**Description of the task**
Would you transcribe the listing that follows word for word, skipping pictures?

**Data excerpt**
━━━━━━

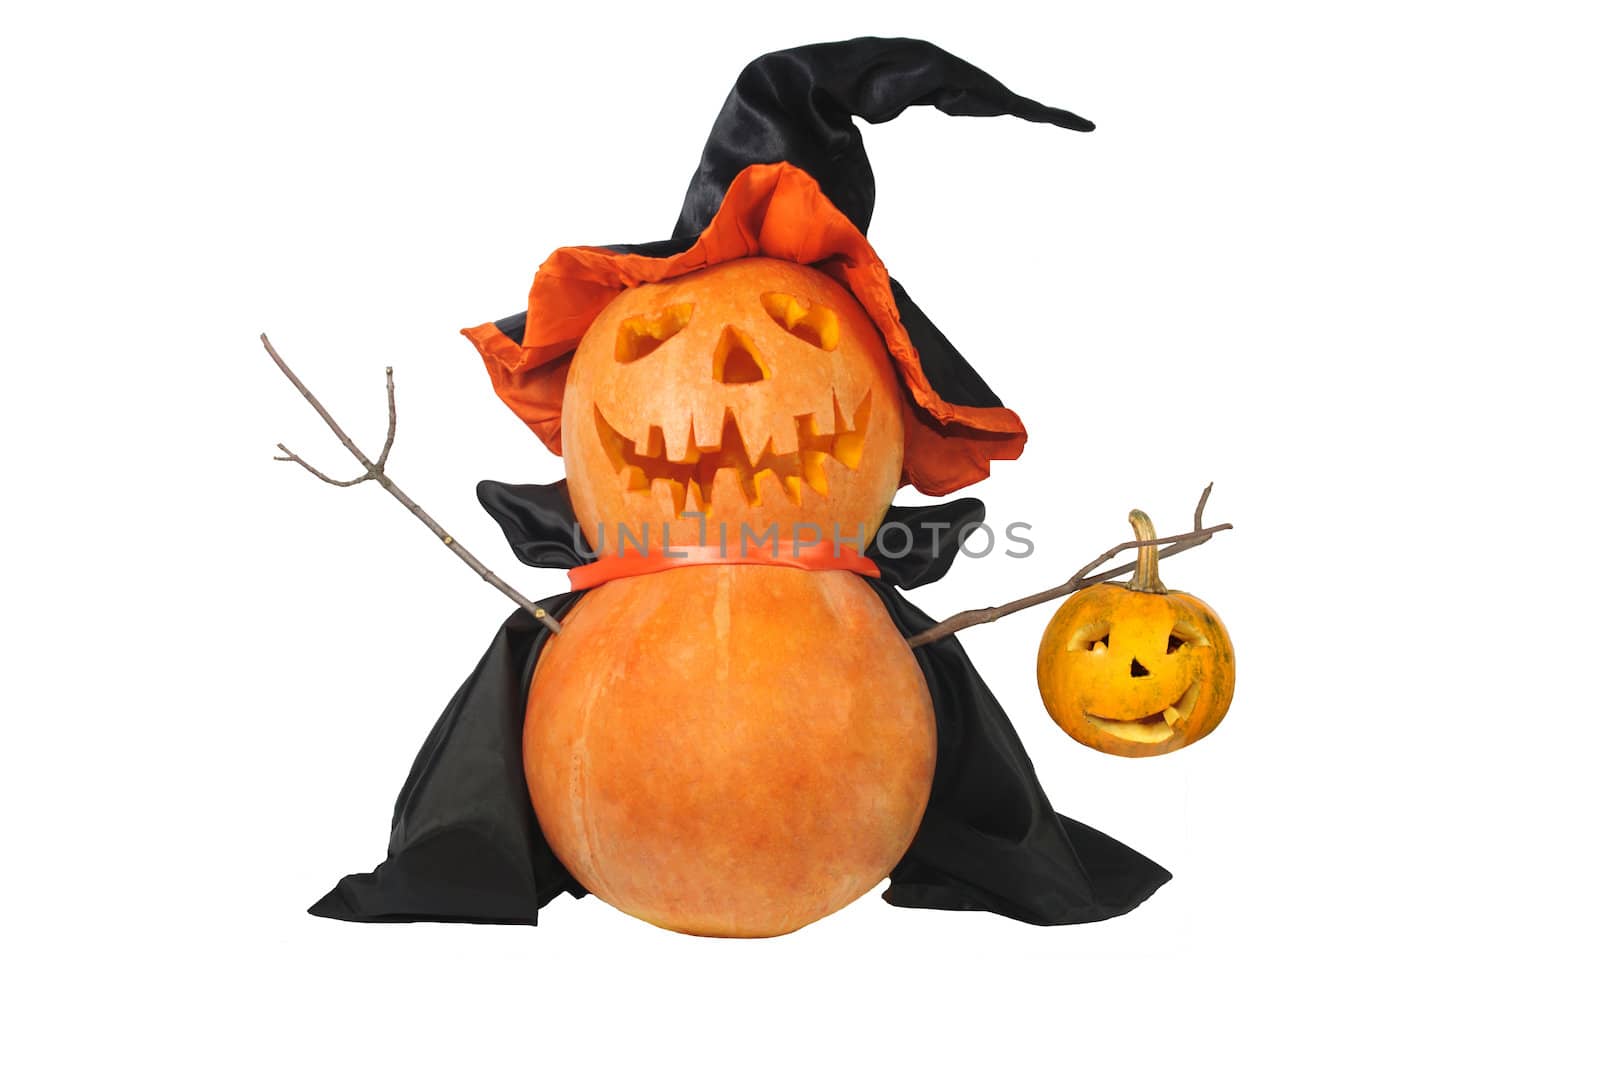 Halloween pumpkin with black hat by Nickolya
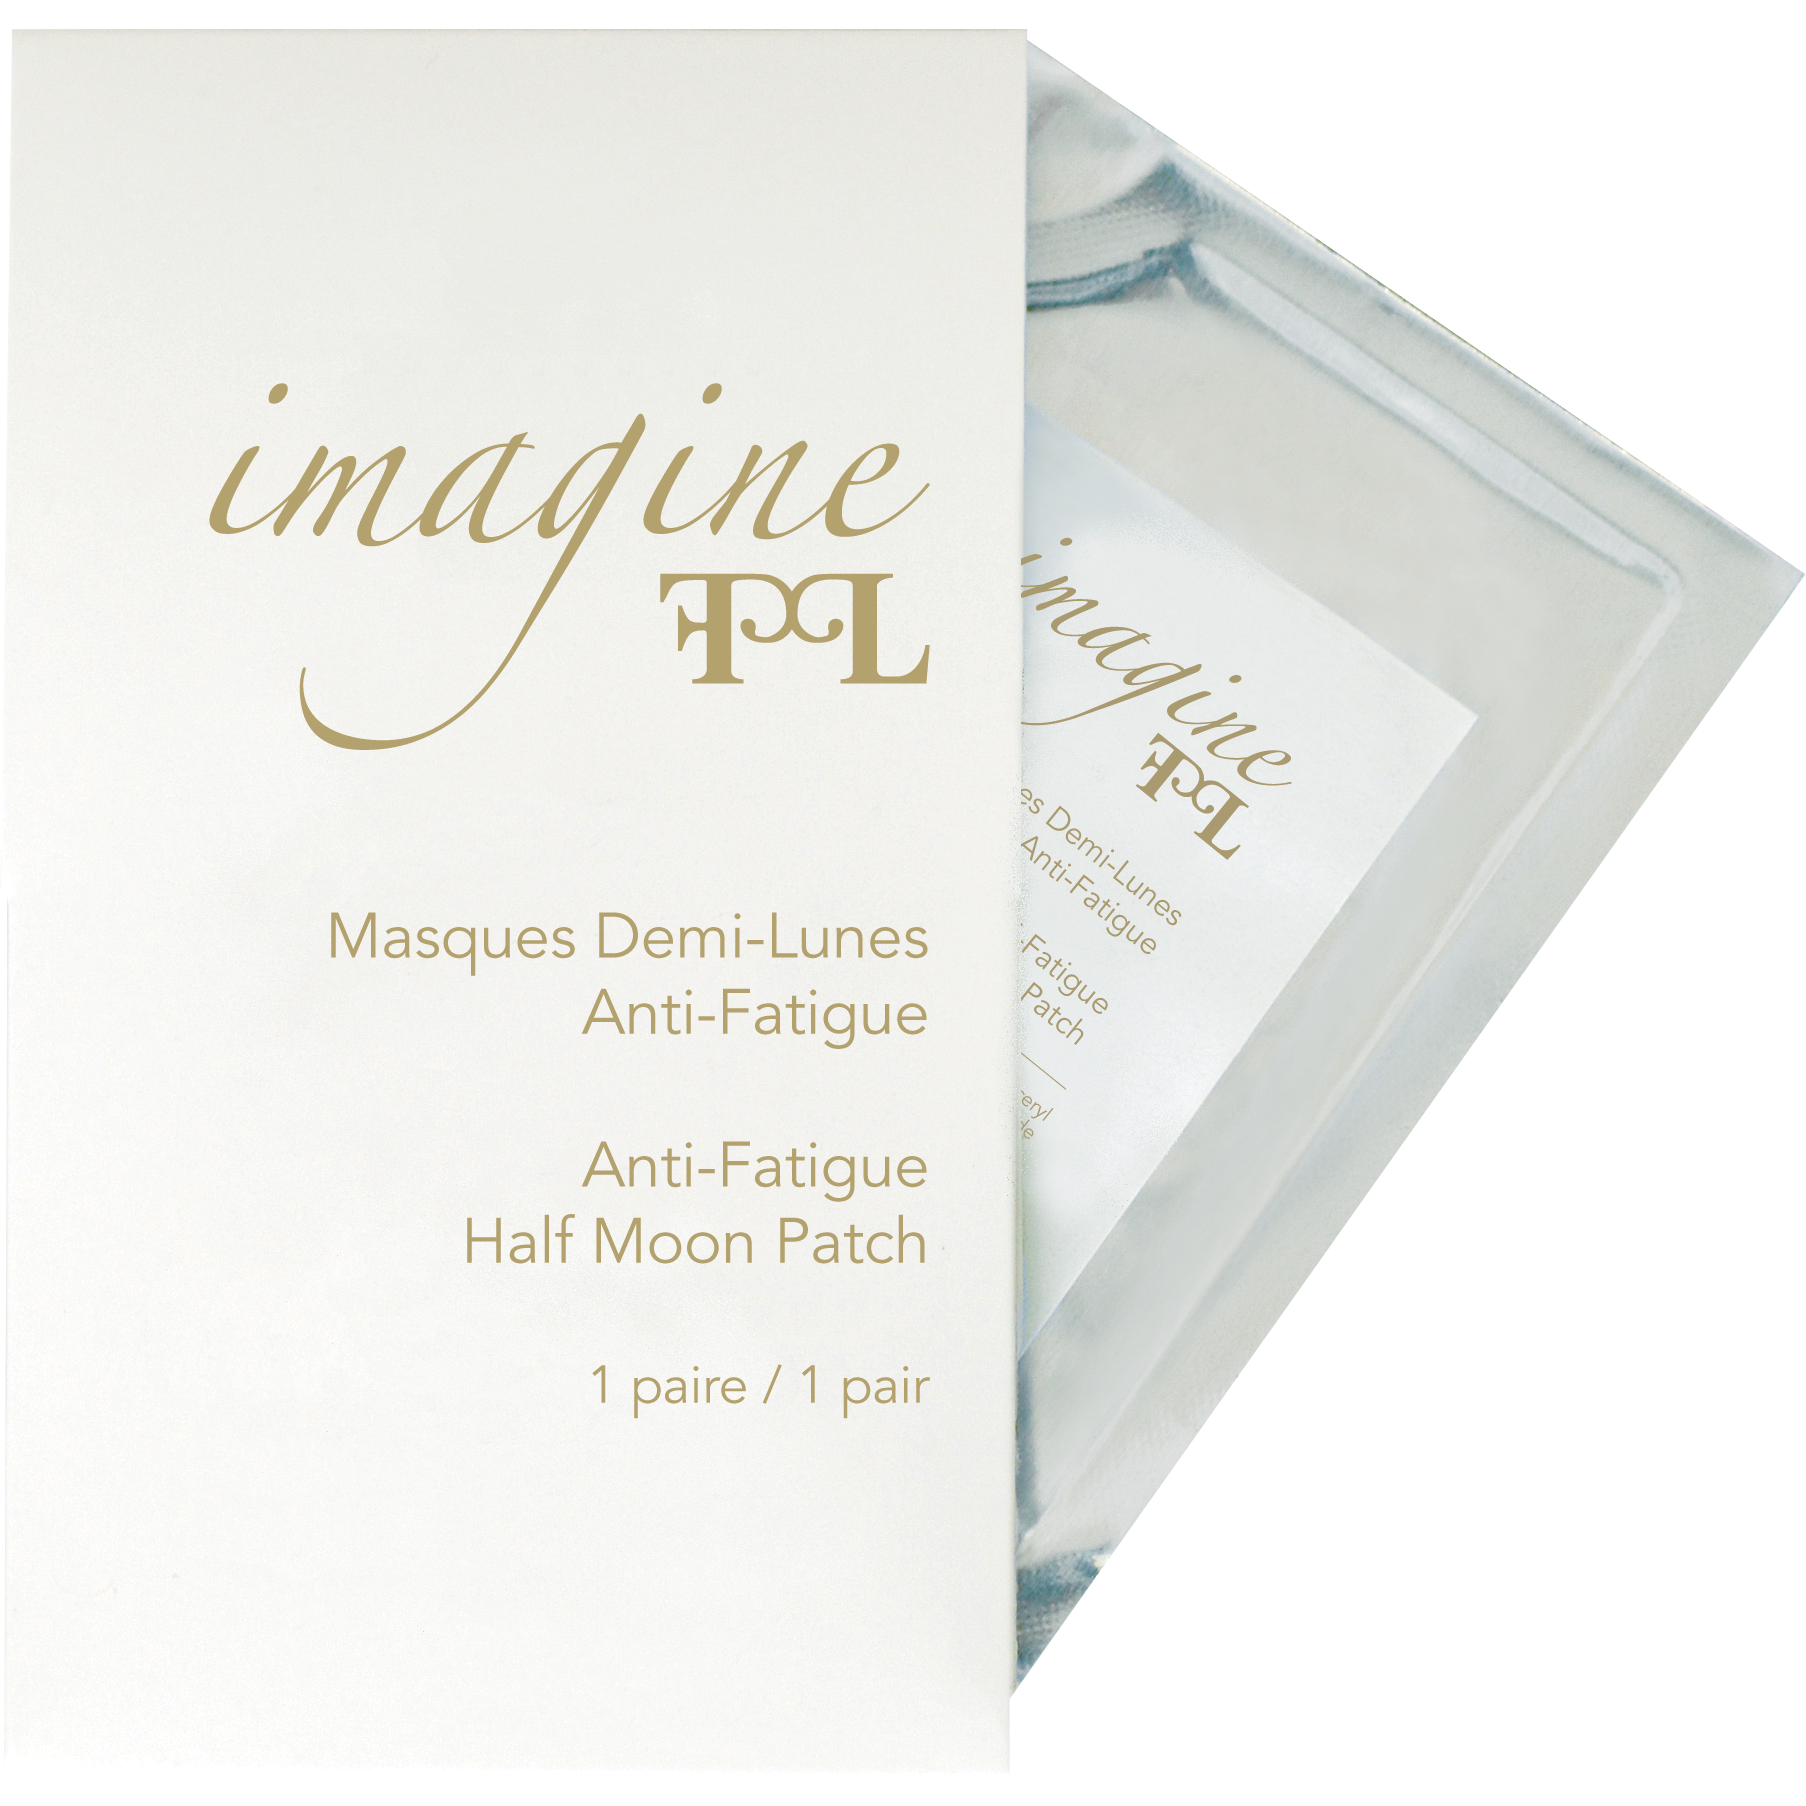 France Laure - Imagine Anti-Fatigue Half Moon Patch - Breizh Esthetic & Salon Supply - 1
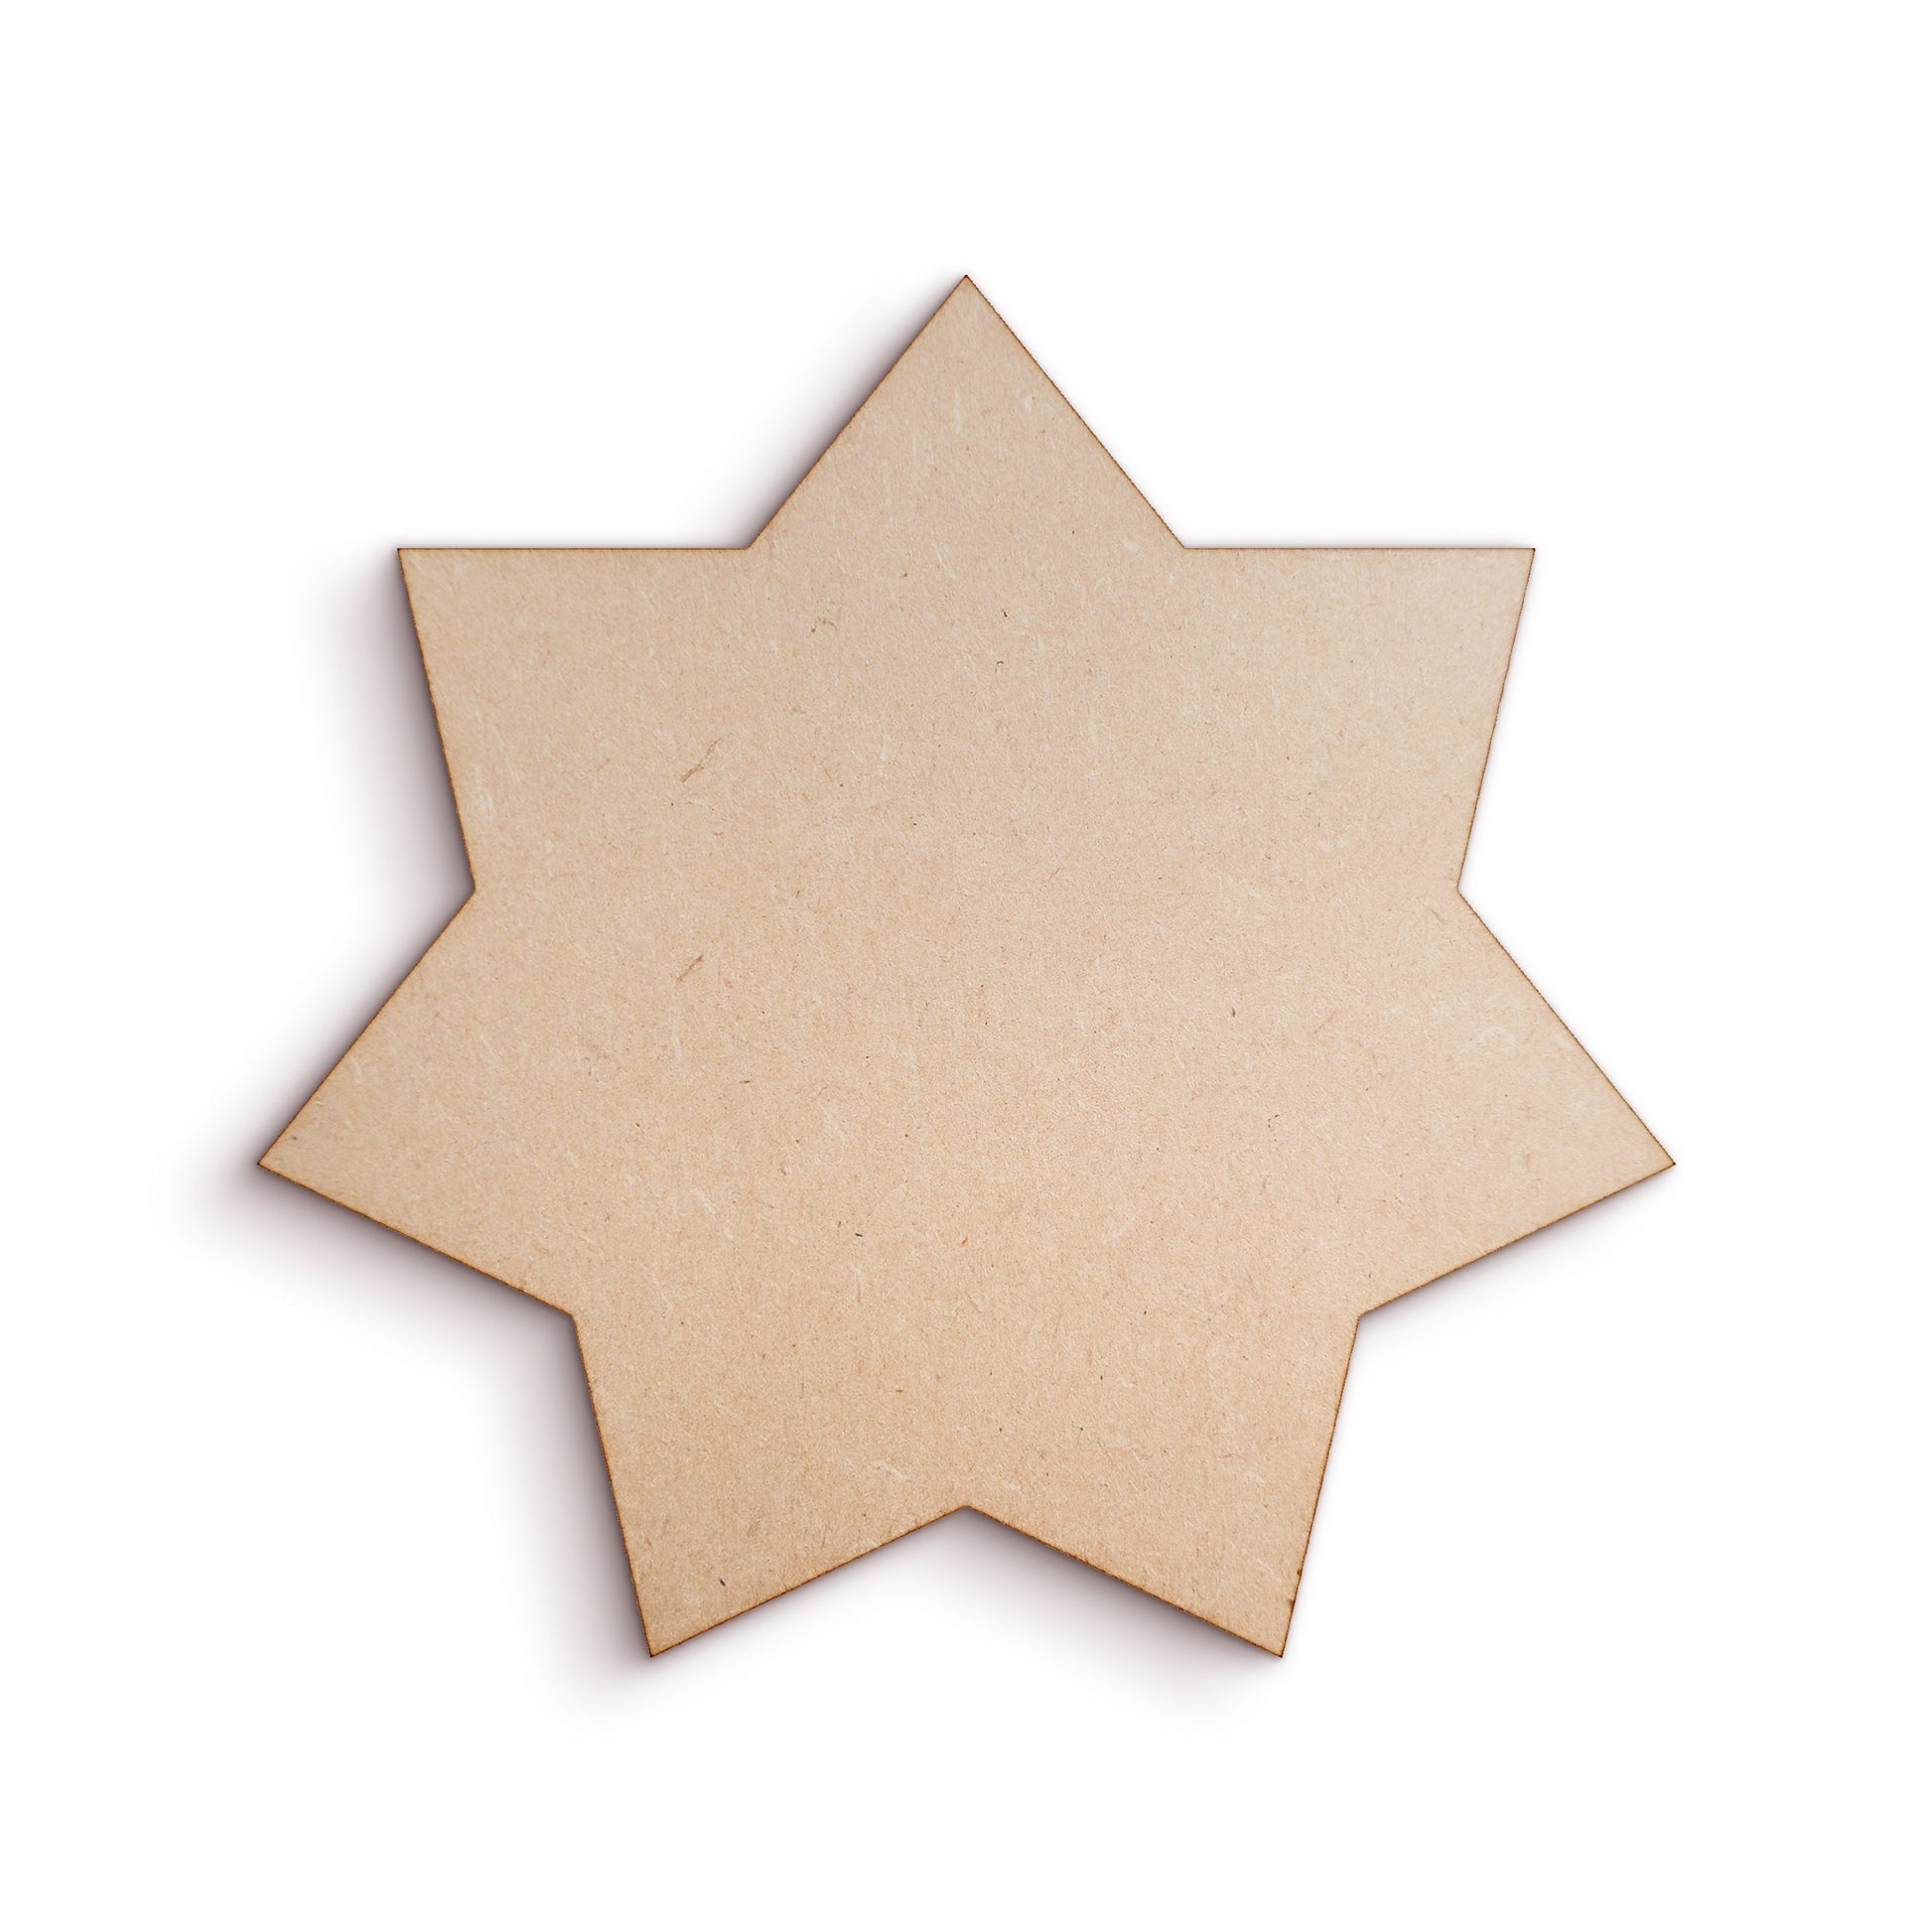 Star wood craft shape SKU643608

━━━━━━

**Written solution**
 Halloween pumpkin with black hat by Nickolya
 France Laure - Imagine Anti-Fatigue Half Moon Patch - Breizh Esthetic & Salon Supply - 1
 Star wood craft shape SKU643608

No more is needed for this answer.